Documents filed by the son of Iran’s Parliamentary Speaker for immigration to Canada reveal that he has hundreds of thousands of dollars in Iranian and foreign banks, Iran International can exclusively reveal.
“I declare that the Account Number 380.8000.13637806.2 (in Iran’s Pasargad Bank) is under my name... and I can spend or transfer 50% of the available balance (12,394,806,106 rials equivalent of $295,114) immediately upon my request,” read part of a letter addressed to the Canadian Immigration Office by Es’hagh Ghalibaf, the son of Mohammad Bagher Ghalibaf. In another document, he declared that he also has over $15,000 in National Australian Bank (NAB) and Australia and New Zealand Bank (ANZ).
While in many countries $300,000 might not be considered a huge sum, in Iran, where government employees earn around $200 a month, it raises questions as to how he has amassed such an amount. The Parliament Speaker, according to some reports, earns around $4,000 a month.
Earlier in the month, Iran International reported about Es’hagh’s five-year attempt to obtain Canadian residency, including paying at least $4,000 to a lawyer and numerous follow-ups by a Canadian citizen at the office of Pierre Poilievre, Canadian lawmaker and the leader of the opposition Conservative Party. Es’hagh’s court document revealed that Polivier's office made "repeated inquiries" about the progress of his application. His office told Iran International that he has not provided a recommendation letter in support of granting the visa.
After reports of the case went viral online, at least two petitions were launched asking the Canadian government to prevent the granting of the visa to the son of a former top Revolutionary Guard commander. “As proud Iranian-Canadians who stand for freedom and democracy in Iran, we find it unimaginable that Canada would consider welcoming the son of such a warmonger, who, along with his father and family, has allegedly participated in money laundering and other corrupt activities,” the petition said.

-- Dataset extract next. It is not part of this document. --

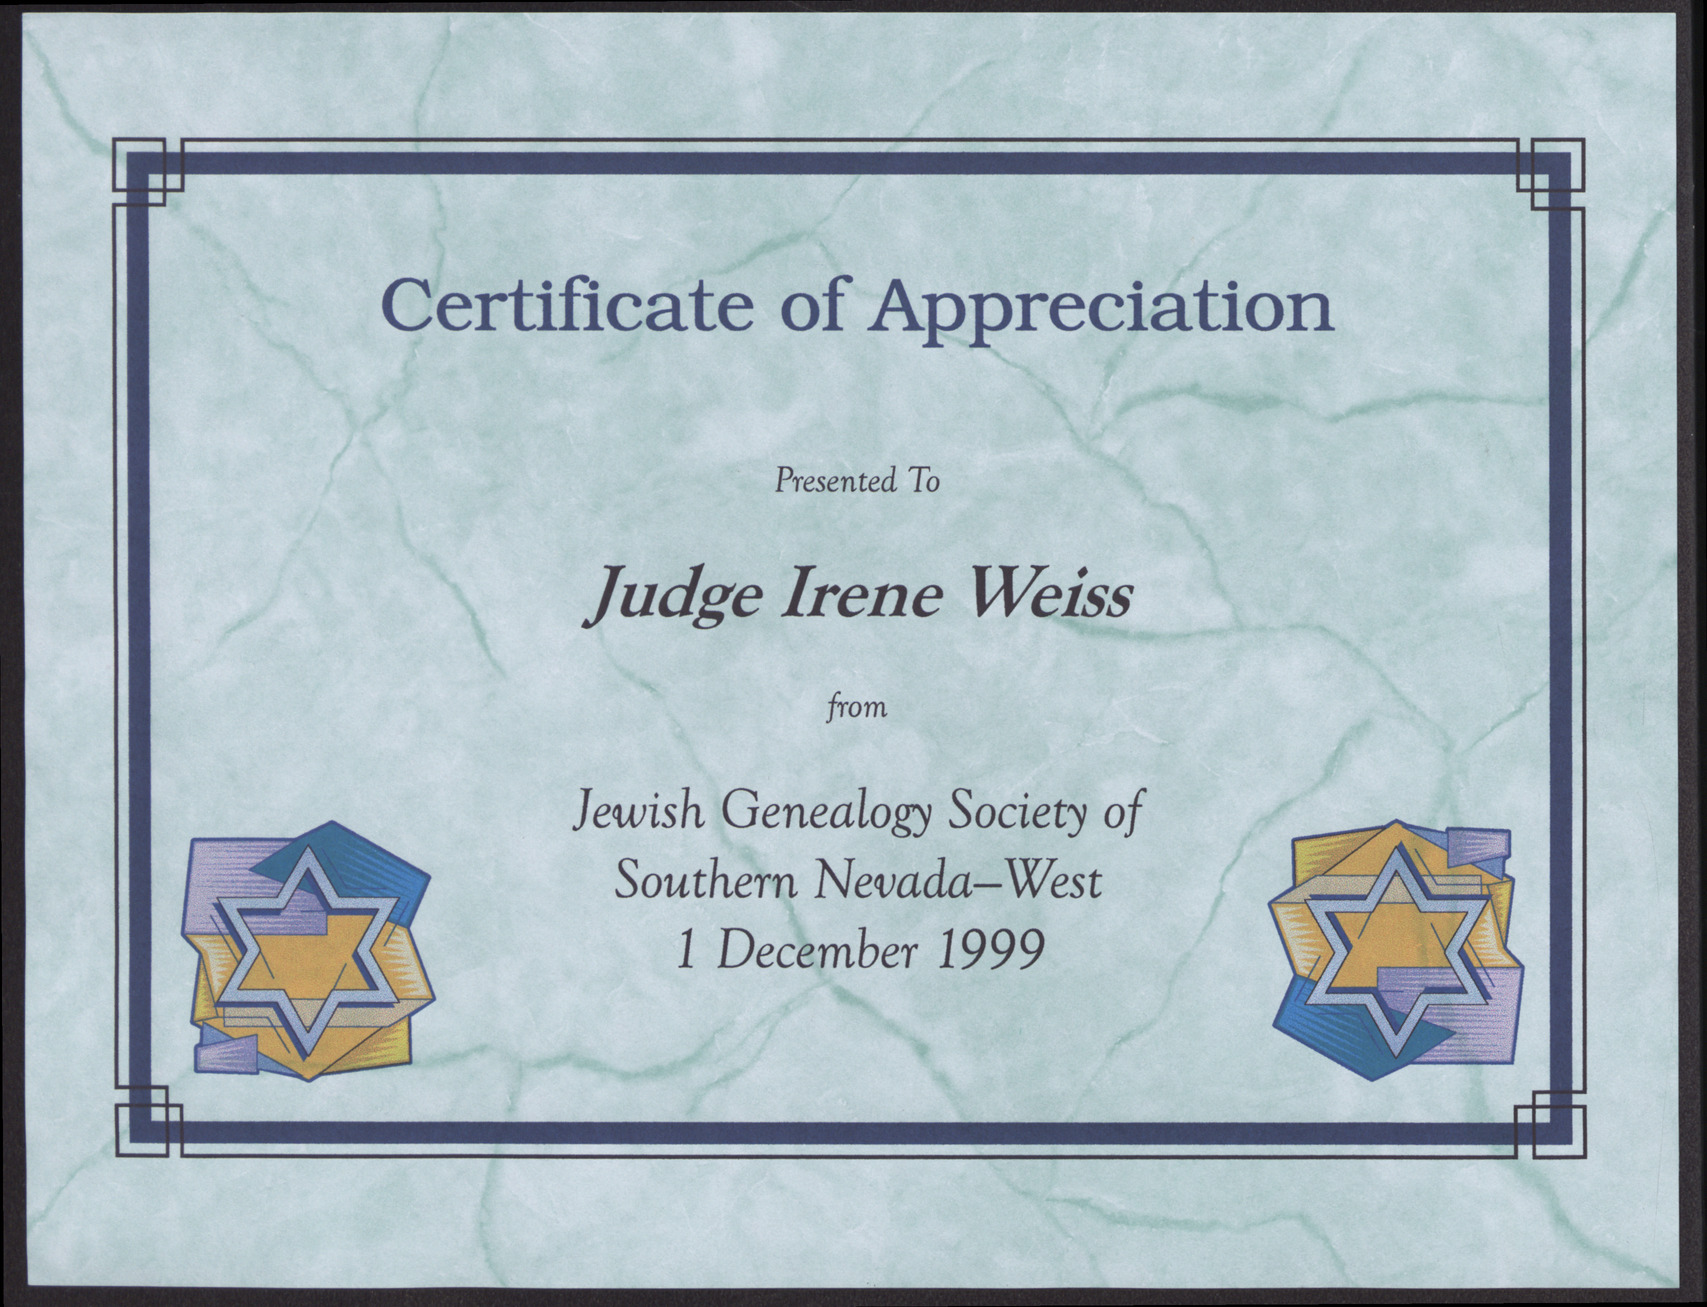 Certificate for Judge Irene Weiss from the Jewish Genealogy Society fo Southern Nevada West, December 1, 1999

Following Iran International's scoop on Ghalibaf, Canada's Immigration Minister Marc Miller said the permanent residency application of Es’hagh was refused. “The Iranian regime has engaged in acts of terrorism and systemic human rights violations," he noted. “We stand with the people of Iran.”
In 2022, Es’hagh Ghalibaf filed for the judicial review of the processing time of his immigration application at a Canadian Federal Court and the court’s Justice, John Norris, ruled that his application should be granted. Iran International managed to obtain a 150-page bundle of official documents filed in his immigration case based on Canada's Access to Information Act. Ghalibaf uploaded these documents to the website of the Canadian Immigration Office in late 2018 in order to obtain permanent residency in Canada.
In 2017, Bagher Ghalibaf, who was Tehran’s mayor at the time and running for office in the presidential election, presented a sheet to the cameras during a live debate in which he listed his own assets, those of his wife and his son Es’hagh. He claimed that Es’hagh, his only dependent son at the time, only owned a 1971 Nissan Patrol, a motorcycle, and a total of about one million tomans (10,000 rials or about $250 at the exchange rate then) in savings in four banks.
According to the documents filed for immigration to Canada in 2018, Es’hagh, whose father was covering his living expenses, managed to increase his personal savings about 600 times in about a year. Additionally, documents submitted to the Canadian Immigration Office indicate that Es’hagh purchased and rented out two apartment units in Melbourne within the same short period.
Ghalibaf is a household name in many corruption cases in the Islamic Republic, with his wife, daughter, and his older son Elias implicated in various scandals. During his term as mayor of the capital Tehran, several of his deputies and people in his close circle were sentenced to 20 to 30 years in prison but the judiciary never prosecuted him, maybe because he is a close relative of Supreme Leader Ali Khamenei. During the same period, Ghalibaf handed over lands with a total area of 71,397 square meters to his wife’s charity institute in 2011, apart from another 2.5 trillion rials, nearly $100 million at the time.
An audio file of Iran’s Revolutionary Guard commanders discussing massive financial corruption that leaked in February 2022 also directly involved Ghalibaf.
In March 2022, Ghalibaf’s wife, daughter and son-in-law were caught on camera at Tehran’s Imam Khomeini airport with a large shopping haul of baby clothes and accessories bought from Turkey. The scandal, called ‘SismuniGate’ in Iran, created a media frenzy at the time, with a large number of people as well as several politicians calling for Ghalibaf’s resignation from the parliament.
Ghalibaf became parliament speaker in 2020 after 'revolutionary principlists' or hardliners swept an engineered election, when most reformists were banned from running as candidates.